Tuesday, March 13, 2007

Arena Number Crunching

Fester started some work on this, and as they don't let people like us look at the nitty-gritty details on Arena financing, we'll have to make due with what the P-G tells us:

The team will no longer have to pay $8.5 million up front. Instead, the state will pay $10.5 million from public development funds.

In addition, the team will only have to commit $2.2 million of its own in annual lease payments, a reduction, but will have to make up the difference by seeking $2 million in naming rights, an increase.

Mr. Rendell said public officials agreed with the team that the previous $270 million construction cost estimate might be too low, and the funding calculations were increased to consider a $290 million pricetag.

The team and the state will split the costs of any increase in construction cost between $290 million and $310 million.

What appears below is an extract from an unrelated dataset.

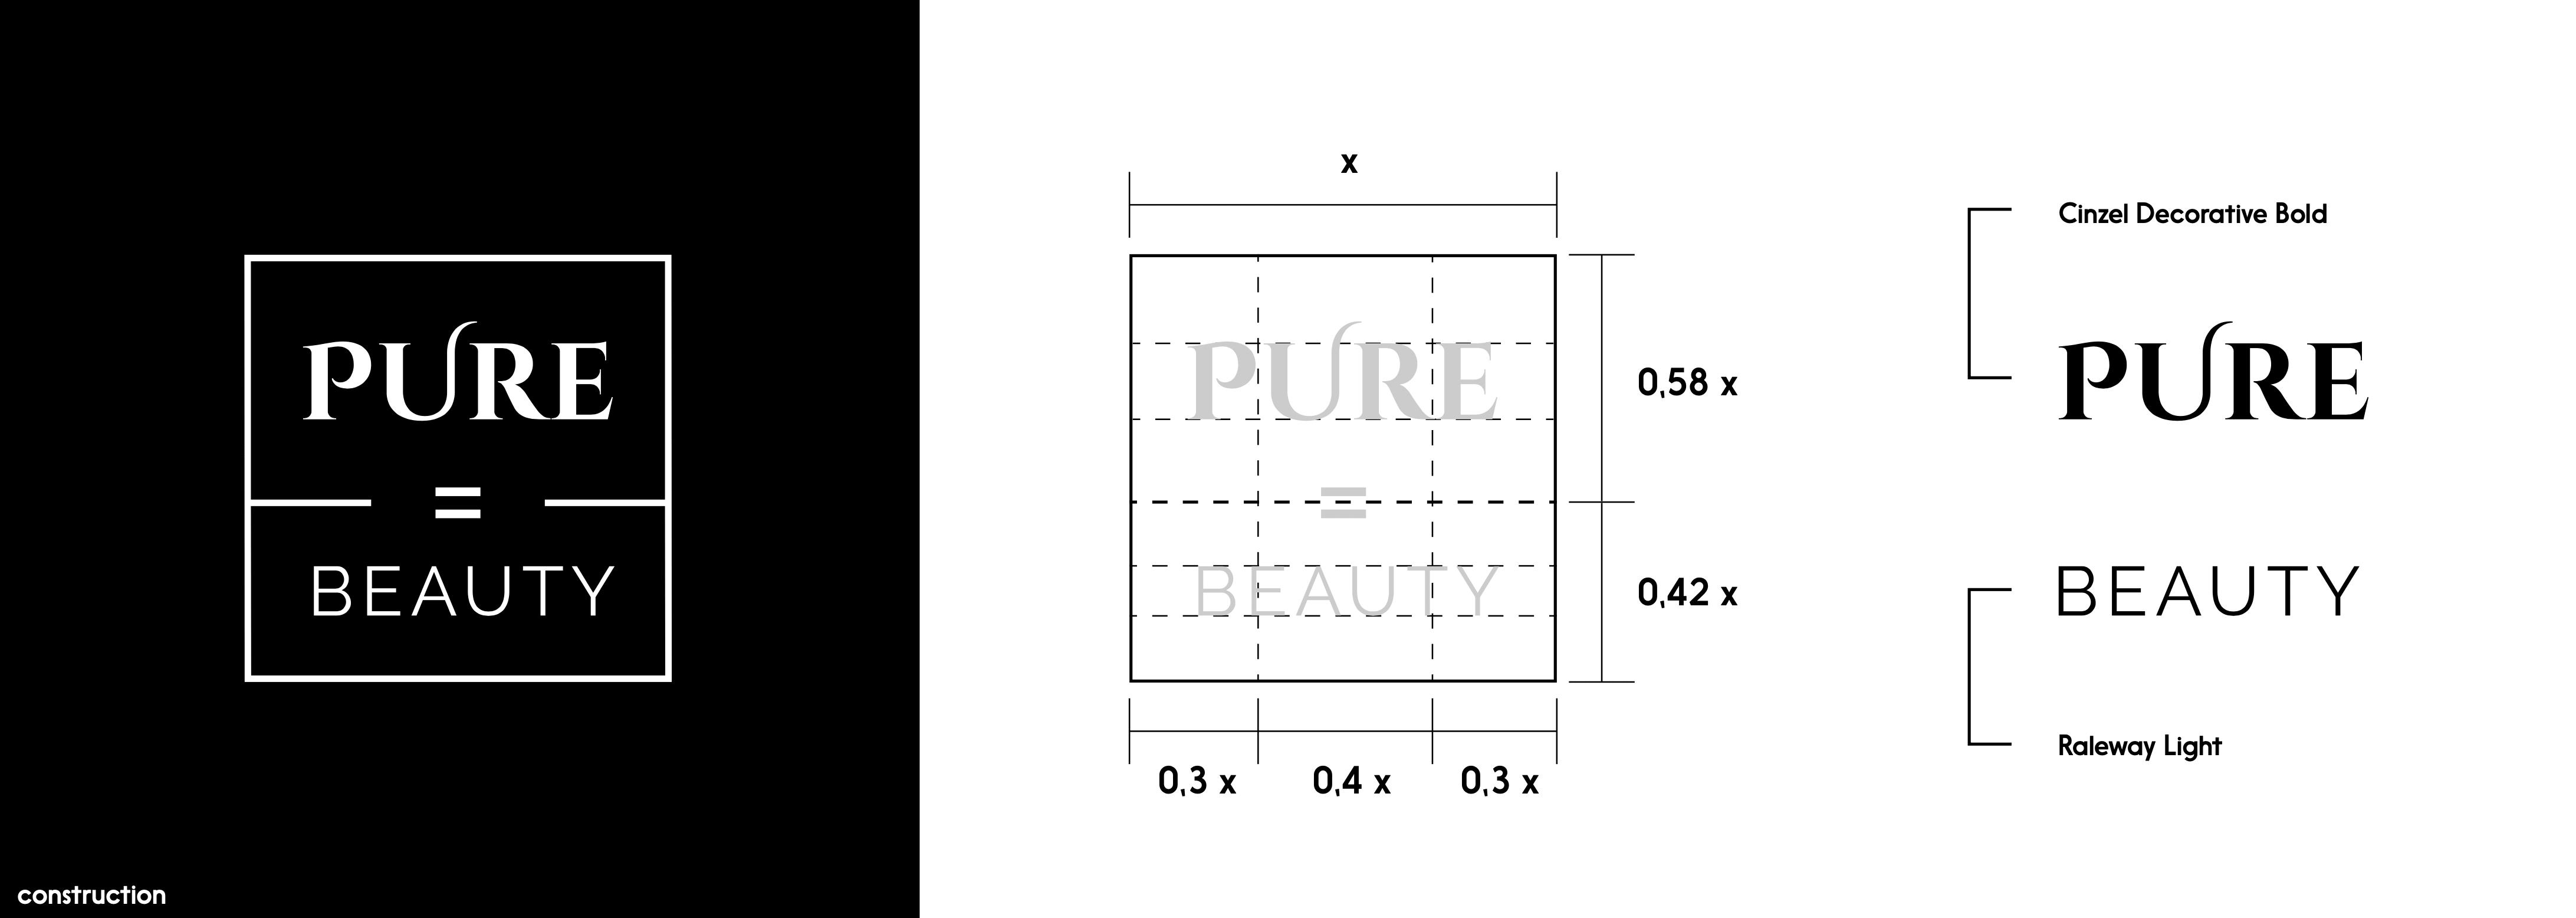 projekt-logo-firmy-branding-pictoo-lodz-warszawa-strategia-marki-opakowania-kosmetyczne-projektowanie-etykiet-opakowan-studio-graficzne

The team will cover any cost overrun above $310 million.

The governor said Kansas City had offered a great deal to the team. But what "tipped the balance" toward Pittsburgh was the strong support of the local fans.

And once again, Mr. Rendell said the deal could not have been done without the revenue expected from new slots casinos...

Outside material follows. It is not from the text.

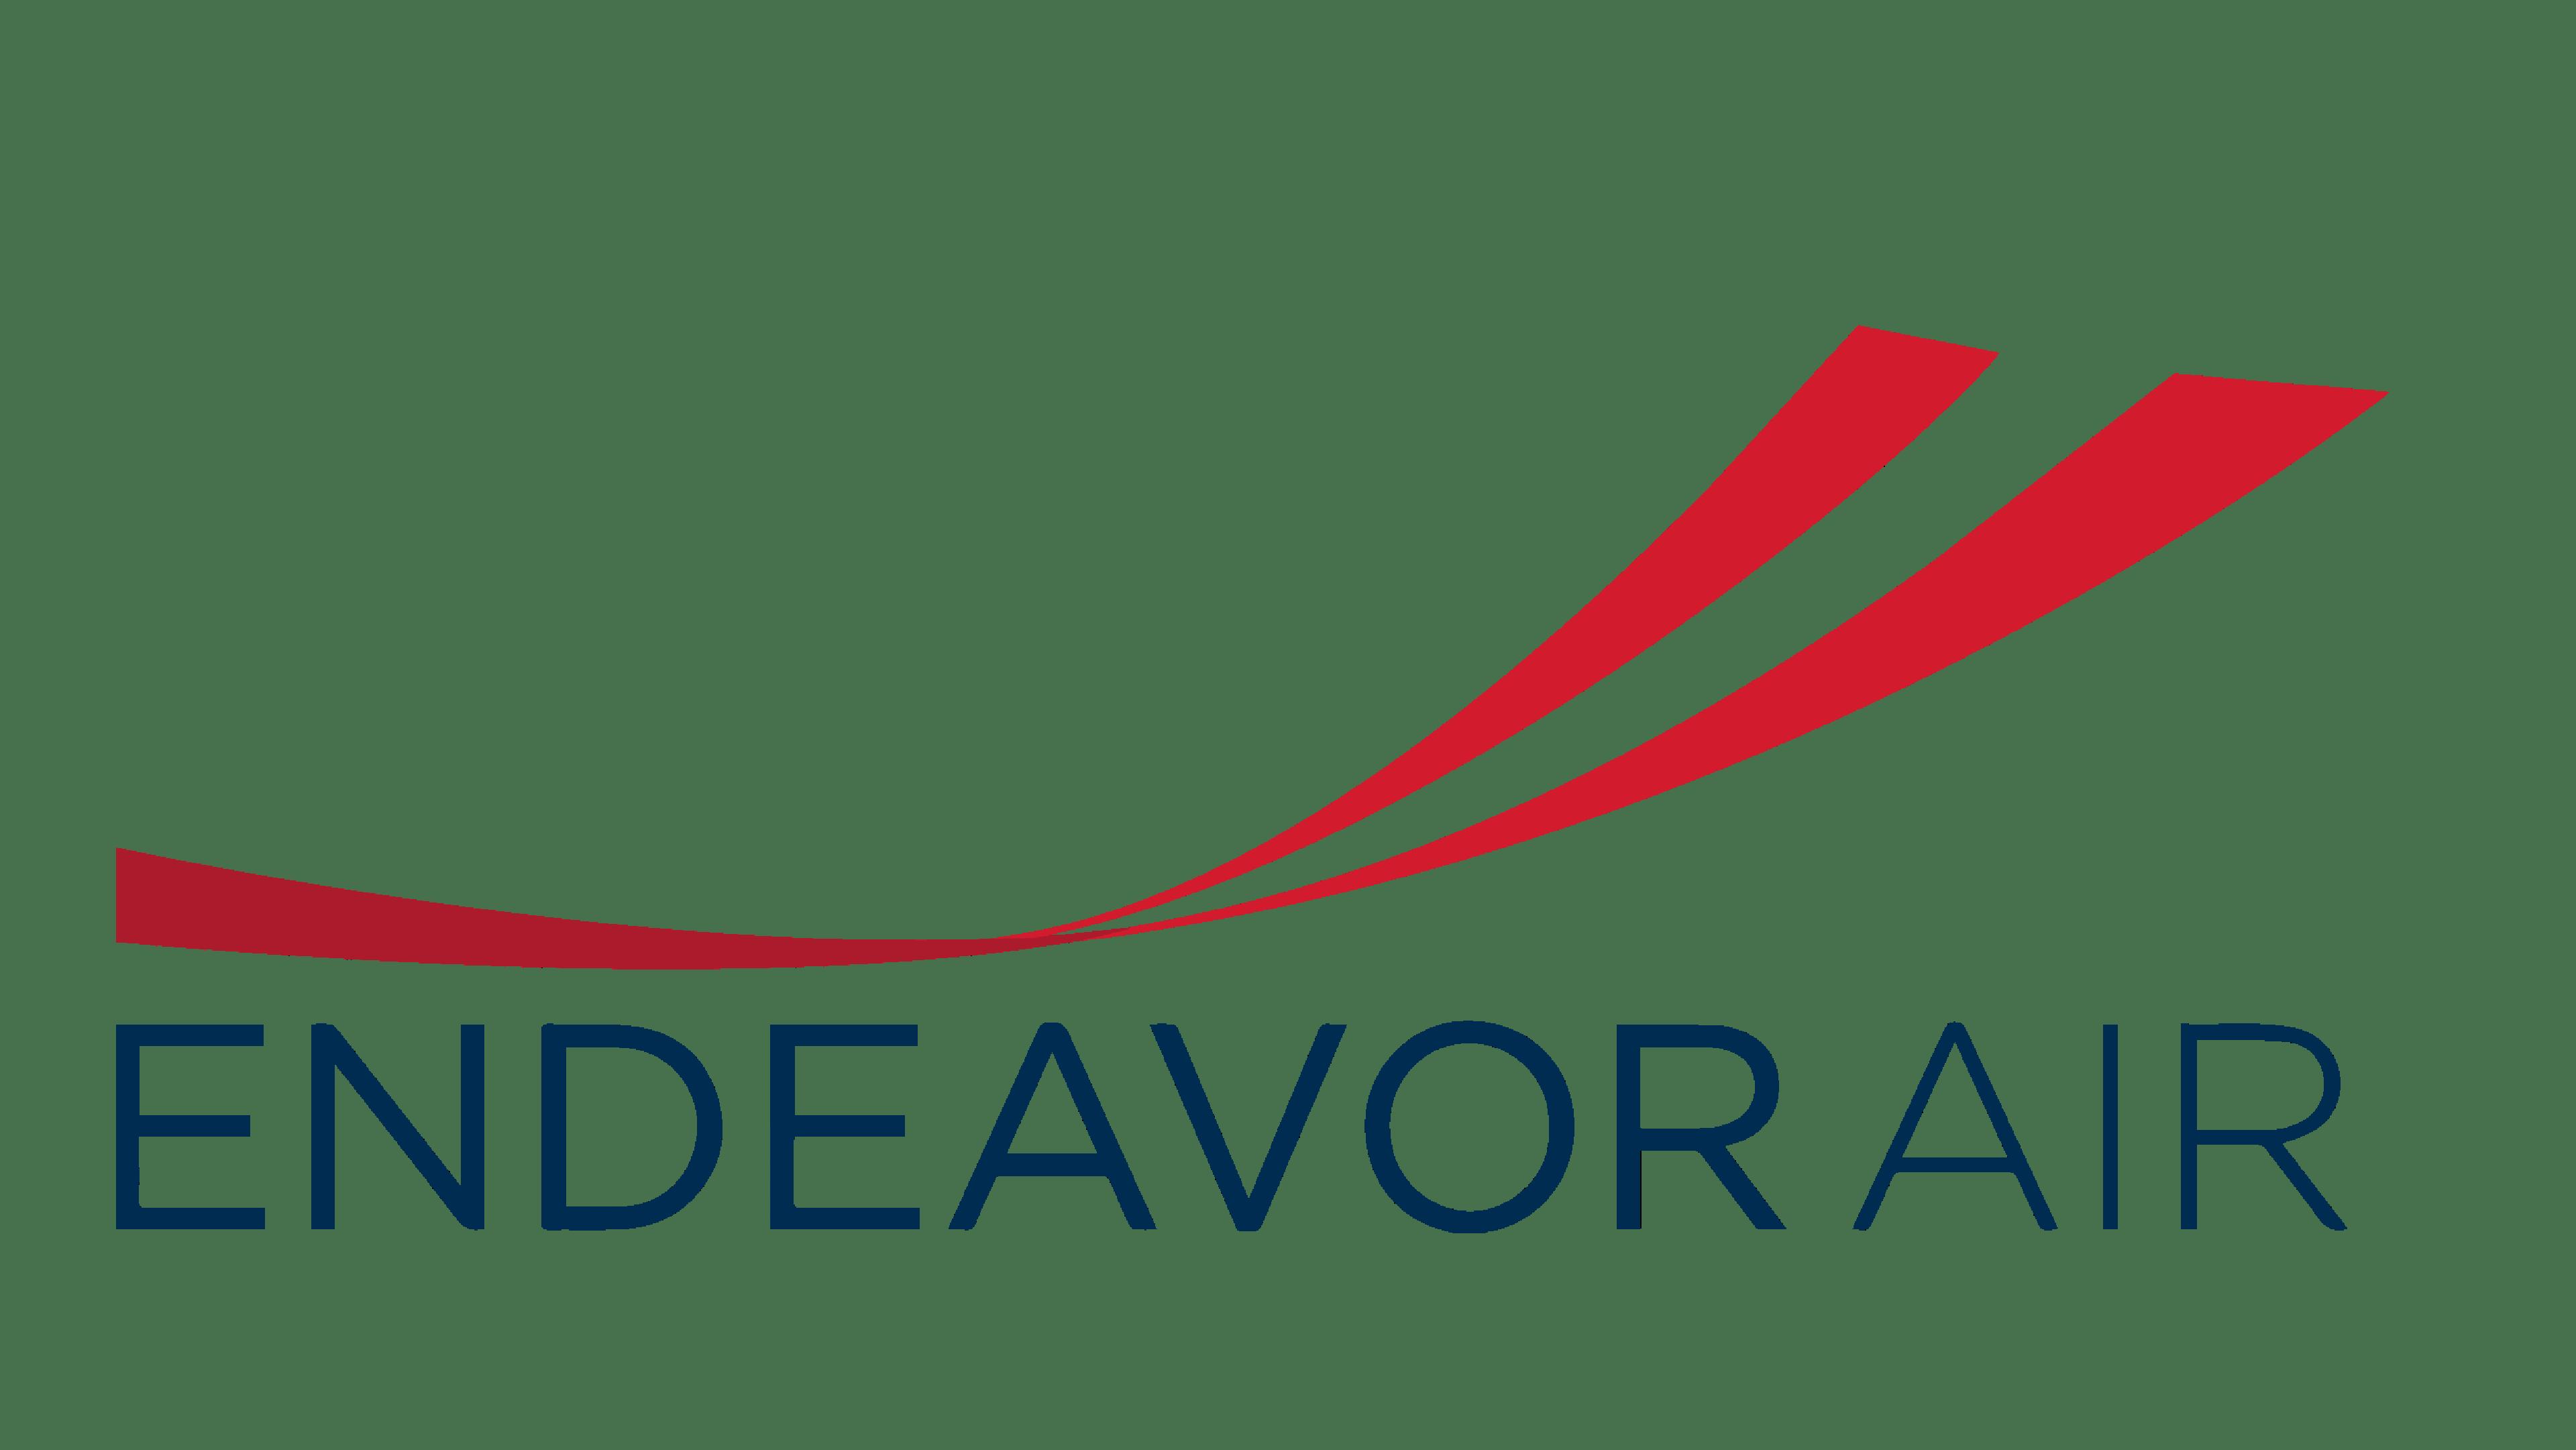 Endeavor Air Logo Logo

He said the Penguins have been offered a $15 million credit as incentive to spur development around the arena, rather than leaving it as parking. He said officials have set a goal of developing 2.8 acres a year, with the whole area developed in 10 years.
Additionally, PITG (the Don Barden's casino group) will chip in $7.5 million/year over thirty years and the State will match that.

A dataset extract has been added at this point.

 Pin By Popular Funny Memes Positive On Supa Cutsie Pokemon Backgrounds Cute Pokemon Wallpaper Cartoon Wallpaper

Assuming an interest rate of 5.25% (which also assumes government bonds/municipal insured bonds), we come out with the following values:
Public Development Funds (one time): $10,500,000
Penguins Lease: $32,876,581
Naming rights: $29,887,801
PITG: $112,079,254
State Slots Revenue: $112,079,254
Total: $297,422,891
So, just back of the envelope calculations there, but the deal comes in over the $290M price tag.

HOWEVER, a couple of questions left unanswered:
1) Is Mario's purchase of the former St. Francis Hospital included in the Pen's "credit" even though it is a sunk cost?
2) How are the "development rights" for the Mellon Arena Site to be handled?
3) Are these municipal bonds? State bonds? SEA bonds? If it is the first or last, is it fair to say that "no local money" is being used if it eats into the City's debt?
4) How is the Arena going to support itself over the long run?
5) Where will the cost overrun money come from, really?
6) Is this a wise use of taxpayer ("local" being irrelevant to the conversation) money?
7) What, exactly, do you have to have as an existence value to get the NPV of the project to be positive? A zillion-bagillion dollars?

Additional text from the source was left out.